Отдохнув не много, иду справляться, нет ли корабля в Петербург; в противном случае принужден буду ехать в Штокгольм. К несчастью, вчера был день воскресной и все банкиры и маклеры за городом в увеселительных домах своих. Что делать? Бродить по городу, который показался мне и мал и беден, вопреки Арндту. Не мудрено: я из Англии! За воротами Готенбургскими есть липовая аллея: единственное гулянье. Я прошел по ней несколько раз с печальным чувством. Липы Шведские так тощи и худы в сравнении с липами Британии! Холодными глазами смотрел я на окрестности Готенбурга, довольно живописные, на купцев и конторщиков, которые со всею возможною важностью прогуливают себя, свои Английские фраки, жен, дочерей и скуку. Женщины не блистают красотою и странный наряд их не привлекателен.

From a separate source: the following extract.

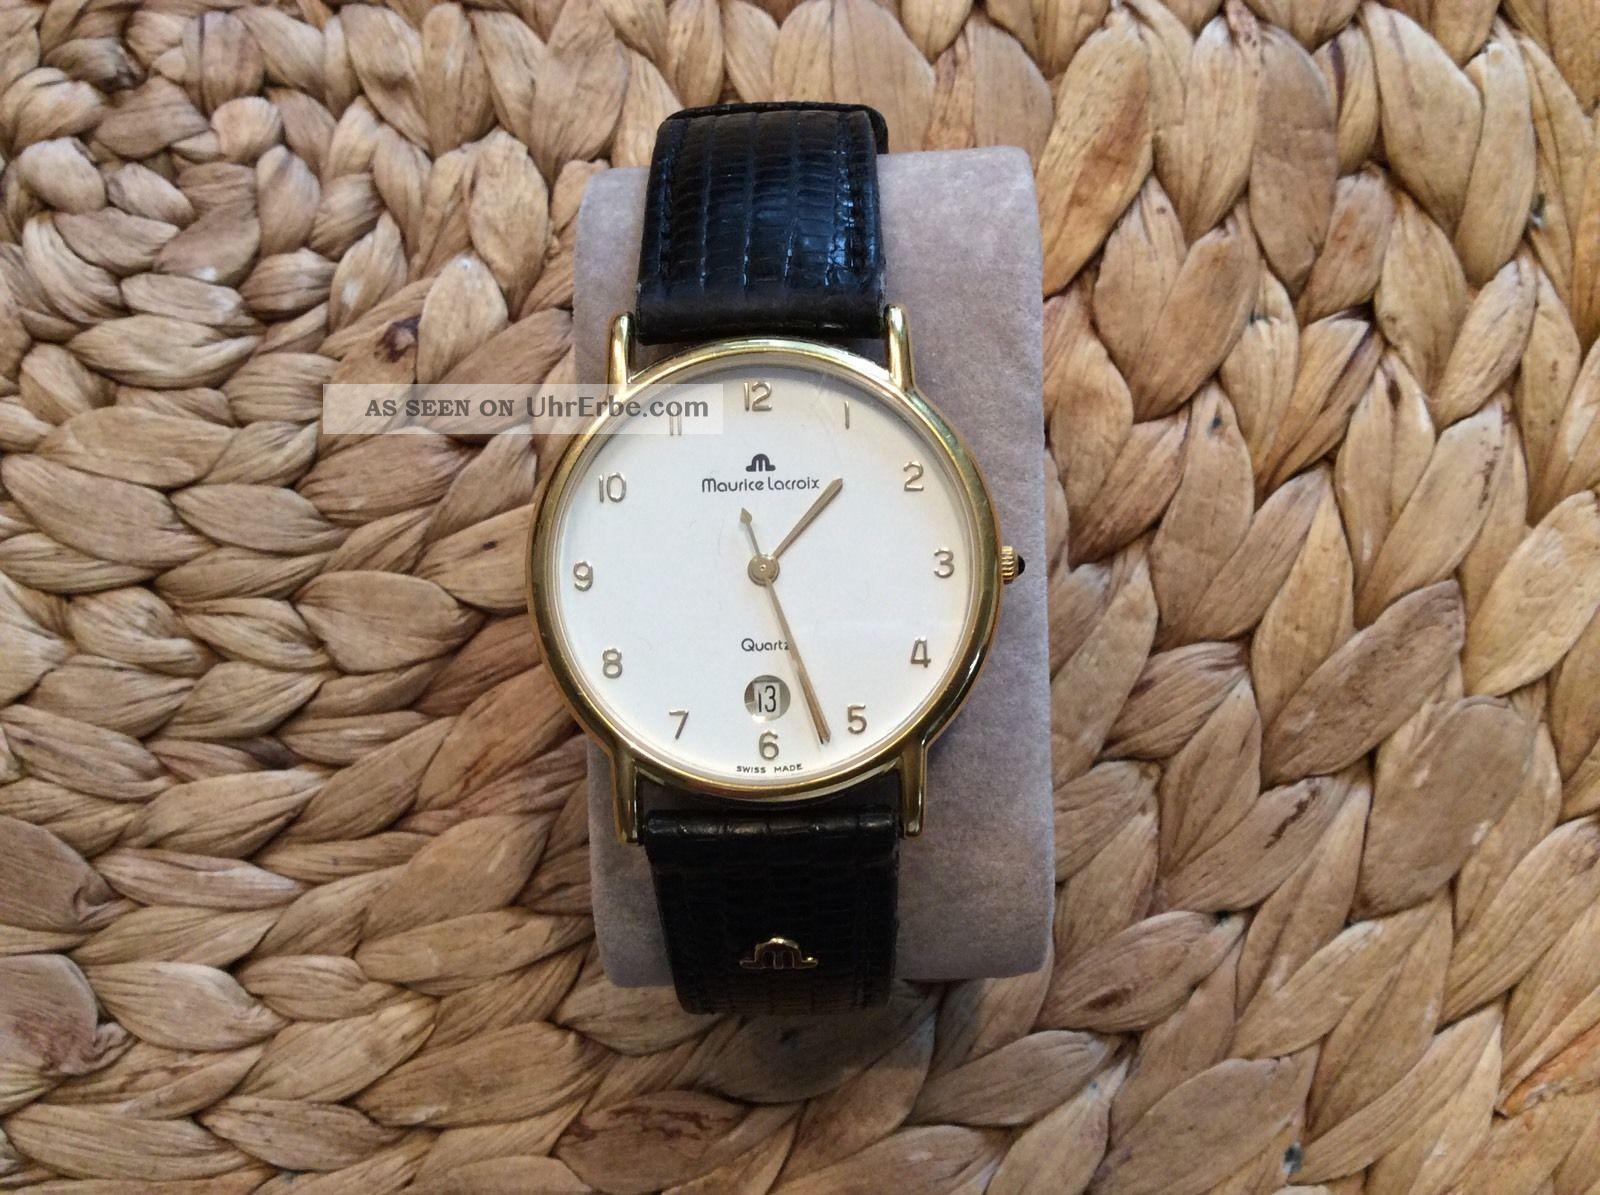 Maurice Lacroix Herrenuhr Kellerfund Armbanduhren Bild

На городовой площади собираются Офицеры к параду. Народ с большим удовольствием смотрел на развод солдат в круглых шляпах.... Ввечеру парад церковный, обряд искони установленный. -- Войско становится в строй и поет Псалмы и Священные Гимны: Офицеры читают молитвы. Так ведется в Шведской армии со времен Густава Адольфа, набожного Рыцаря и Короля властолюбивого.

И так, милый друг, я снова на берегах Швеции,

В земле туманов и дождей,
Где древле Скандинавы
Любили честь, простые нравы,
Вино, войну и звук мечей.
От сих пещер и скал высоких,
Смеясь волнам морей глубоких,
Они на бренных челноках
Несли врагам и казнь и страх,
Здесь жертвы страшные свершалися Одену,
Здесь кровью пленников багрились олтари;
Но в нравах я нашел большую перемену...

Эта земля не пленительна. Сладости Капуи или Парижа здесь неизвестны. В ней ничего нет приятного, кроме живописных гор и воспоминаний.

Прости, милый товарищ! Тебе не должно роптать на судьбу: ты в земле красоты и здравого смысла; ты счастлив. Но я не завидую тебе, возвращаясь на дикой север: я увижу родину и несколько друзей, о коих могу сказать с Вольтером:

Je les regretterais à la table des Dieux.